No offense, but you need to get out more and away from your downer friends.
If you were "living in the days" of MLK, guess what, people went to see shitty Doris Day and Elvis movies to entertain themselves. In 1968, some people just smoked dope and thought that protesting was pointless and "authoritarian" and "harshing their buzz".
Yes, activism is down, revolutionary sentiment is down, but we are living in a situation where the 1960s-70s movements fell apart or were destroyed, the remaining organized left was confused about the end of state-capitalism, and unions have become embattled shells of what they were a generation ago thanks to a conscious offensive on the part of the ruling class (union busting) and a terrible tradition of business-unionism in the trade-union movement.
If you believe, as I do, that Marx was correct when he said that the ruling ideas of any age are the ideas of the ruling class, then it is natural that most people are going to generally see history they way they are taught in schools and in pop-culture, politics the way the Democrats and Republicans frame it, and so on.
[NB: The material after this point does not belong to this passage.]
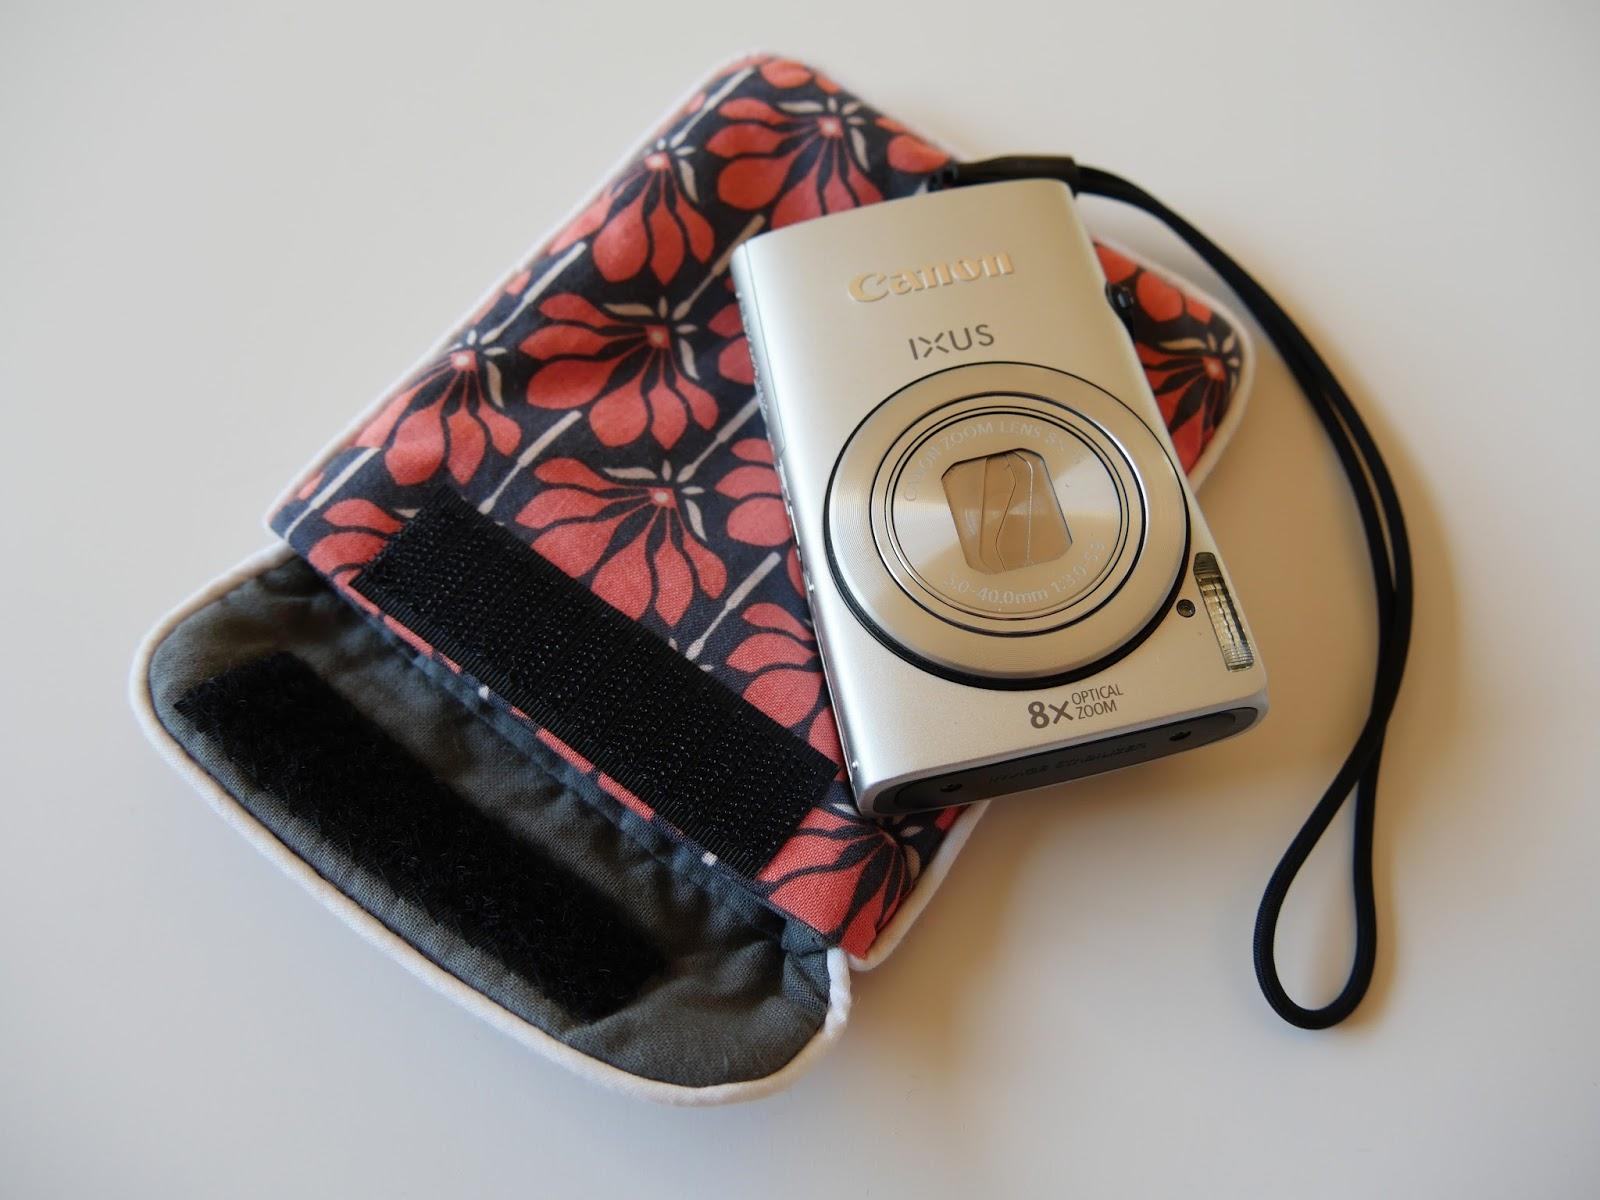 Tadaam housse pour appareil photo for Housse appareil photo

The way out of this is not hoping that, for some unexplained reason, people suddenly adopt different values or behavior and stop playing video-games, but by actively rebuilding a left-opposition in the US and every other country we happen to be in.
Through winning small battles and wining ideological arguments, we can begin to build a counterweight to all the ruling class ideas that permeate our society. If the ruling class says to workers: "Unions only take your money" it only works if there are no existing counter-examples of militant, fighting unions with rank and file leadership. If the ruling class says protests don't accomplish anything, this only works if people aren't protesting or just go to one large protest and expect that their job is done - if people are sitting-in and wining integration or occupying campus buildings and winning demands, then there is an obvious counter to the ruling class arguments.
Also, as the French say, with the eating comes the hunger. When people see that union actions can win, that organizing around radical demands can win, they develop a taste for it and demand more and expect more the next time. People are really demoralized since the early 00s because they have seen one loss after another and so this causes them to become less demanding and more willing to compromise (and liberals in power are all too happy to argue for the most compromised version of any demands). Anything we can do now to show how liberal compromising is part of the problem and build people's confidence through small wins will help train people how to fight and win and this will be what breaks people from accepting their lot or accepting ruling class ideas.